Hey also.. these would be great to hop right into COB technology. I would think. I think PJ says they aren't bad  

https://www.hydrogrowled.com/Sol-4-175W-350W-LED-Grow-Light-(G4)-P159C59.aspx

About more than double the cost of the Mars, but who knows. Just wanted to give you options. But what I have is the Mars II and they seem to be working pretty decent. Can't wait to see what weeks 5-8 do!!!


----------



## Kraven

Just discussed it with wife and she has a point, till she gets back to work (governor took her job, just told her the position was being cut and she had thirty days....this was a 20 year job. It's part of the gov's plan to reduce state spending so they cut her salary) it's probably not a good thing to spend since things are tight.. but after she gets back to work she said get two just for having to wait...lol.


----------



## Kraven

Thanks Doc, thats my next move is to LED and I may go with the Hygro since i was looking at them last week with Pj.


----------



## Dr. Green Fang

Awww, bummer on that job thing  

Yeah I was looking at a Sol myself for a minute there, for my 2x2 experimental space. Definitely a great light it seems :aok:


----------



## Kraven

Yea it was a kick in the pants, we had reached a point in our lives we were doing ok, just bought a house, got her a new car. two months later she looses the only job I have ever known her to have....shook her to the core, and now we are limping by on what I make which is good, just not having the play money sucks. But once she gets back to work, things will all be good brother.


----------



## MR1

Don't care too much for the heat neither but 80 is nice. 



HighBrixMMJ said:


> I guess you don't wanna hear about how it's been in the mid to upper 80's here huh? Lol. Heading to the French quarter fest. It's a beautiful day for good food and music! I love festival season!


----------



## Dr. Green Fang

Kravenhead said:


> Yea it was a kick in the pants, we had reached a point in our lives we were doing ok, just bought a house, got her a new car. two months later she looses the only job I have ever known her to have....shook her to the core, and now we are limping by on what I make which is good, just not having the play money sucks. But once she gets back to work, things will all be good brother.

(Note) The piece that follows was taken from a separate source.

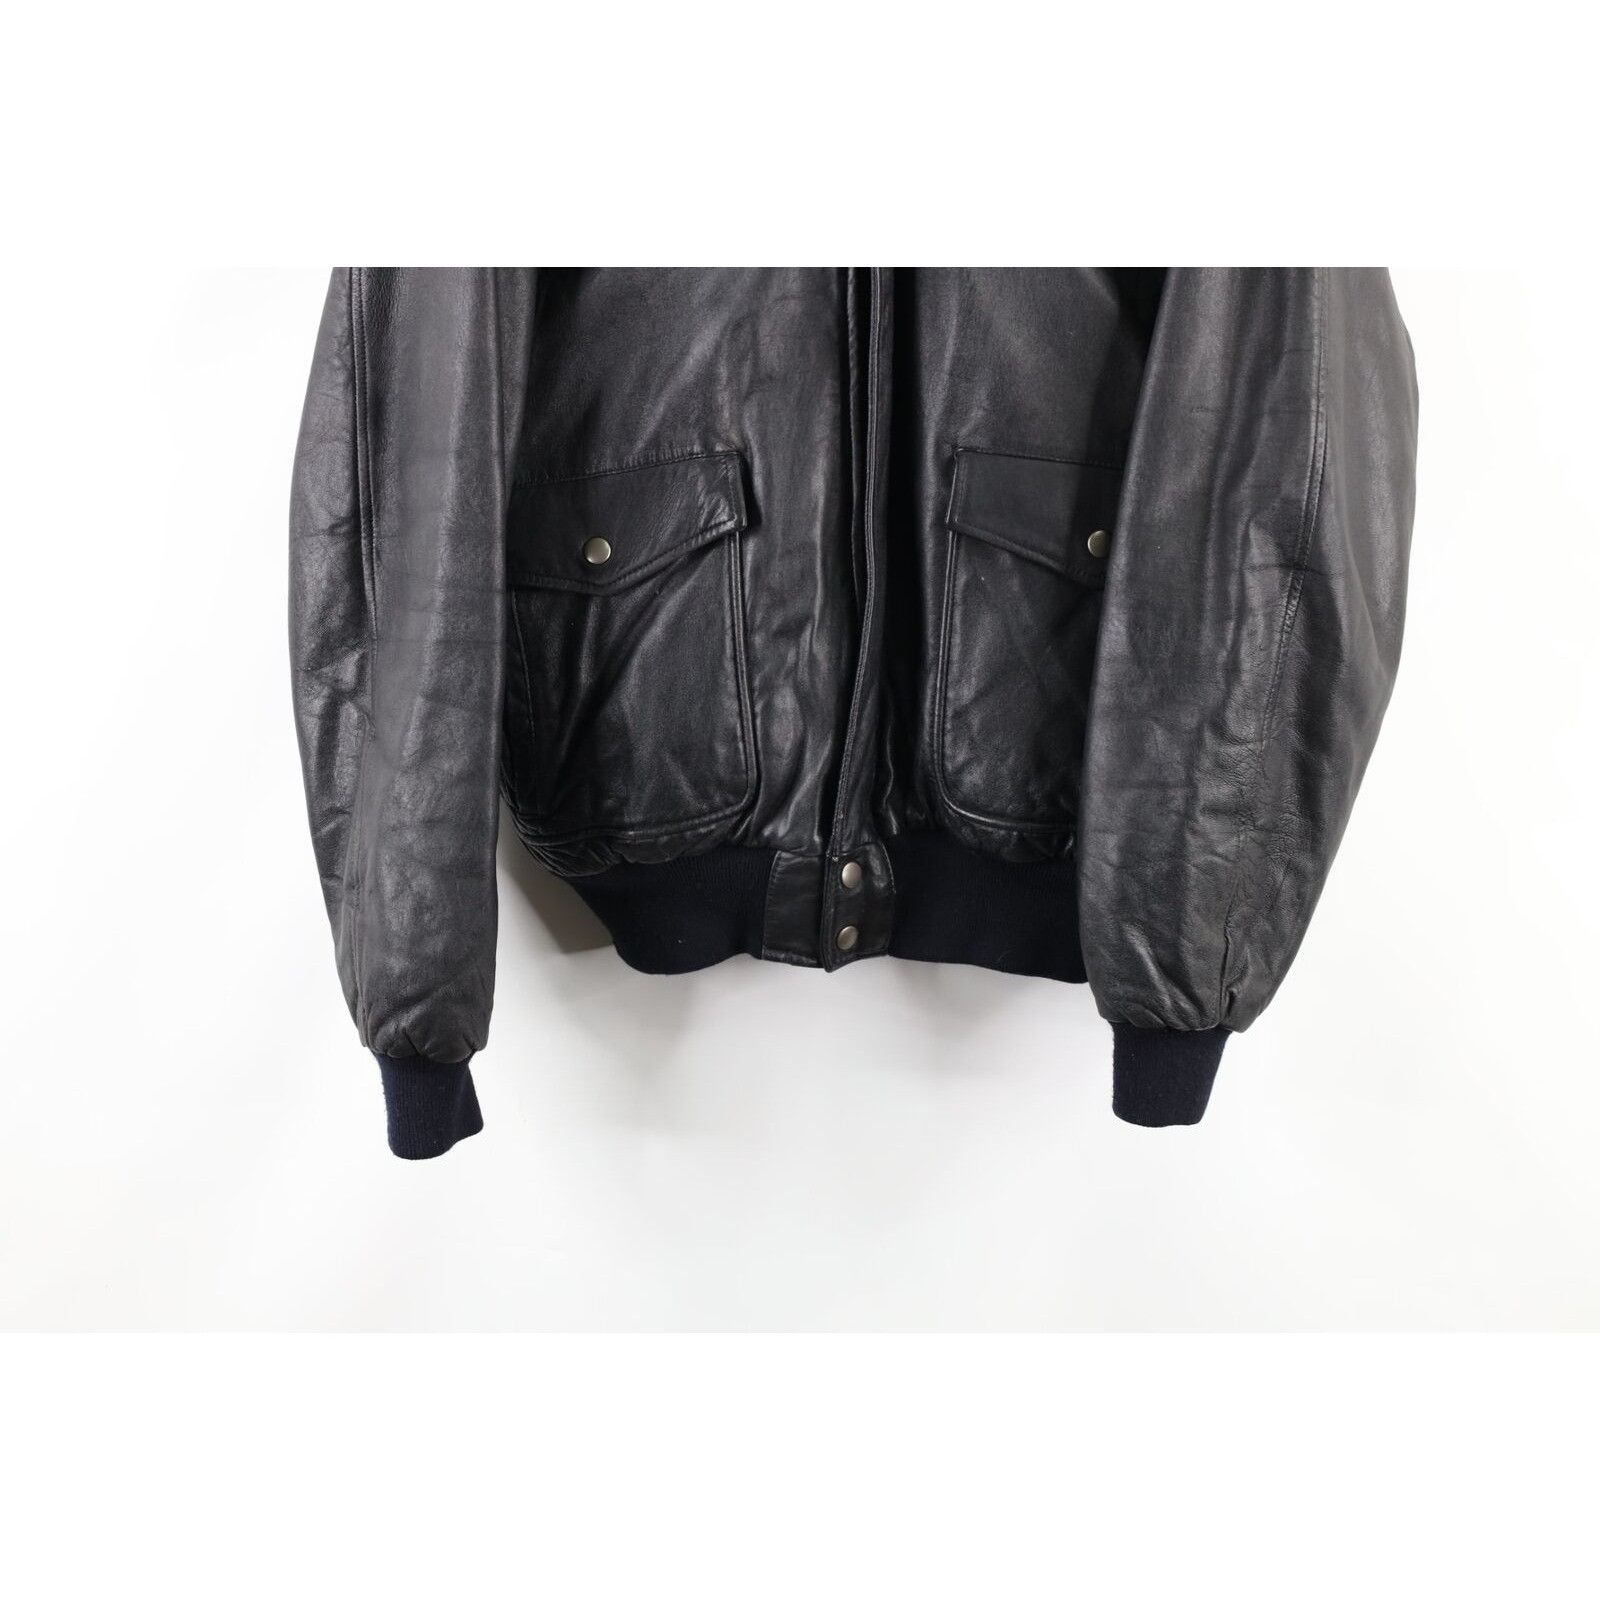 Vintage Vintage Surprise Attack Nuke Japan Souvenir Leather Jacket Size US M / EU 48-50 / 2 - 4 Thumbnail

Can't wait for you man :aok: 



MR1 said:


> Don't care too much for the heat neither but 80 is nice.



Yeah, it doesn't create colds like this one I have.. blah! 



Ok, for an update. 

Tonight I drained the veg station out as I noticed it spiking down in ph  massively over 24 hour period. I mixed up a new batch of solution. 10 gallons mixed to 650 ppm's and 5.8 PH. 
Also I've noticed over the last 4 days that my C99 bins in Tent #2 had too been spiking down from 5.8ph to 5.5ph. Well, tonight when I checked they had hit 5.4 ph after I had reset to 5.8 last night. Since they were 1200 ppms, I figured I would pump out 2.5 gal of solution.. throw it away... and add back 650 ppm's of base nutes only and 10ml of cal mag, ph'd at 6.0 (to combat the 5.4 stuff left in the tubs). The two tubs ended up coming to 5.8 ph after the 2.5 gal add backs. 
Tent #1 was holding solid at 5.7-6.0 between the 4 bins of C99. Two of the 5.7 bins were given 1ml of ph up and set back to 5.8 for the night. 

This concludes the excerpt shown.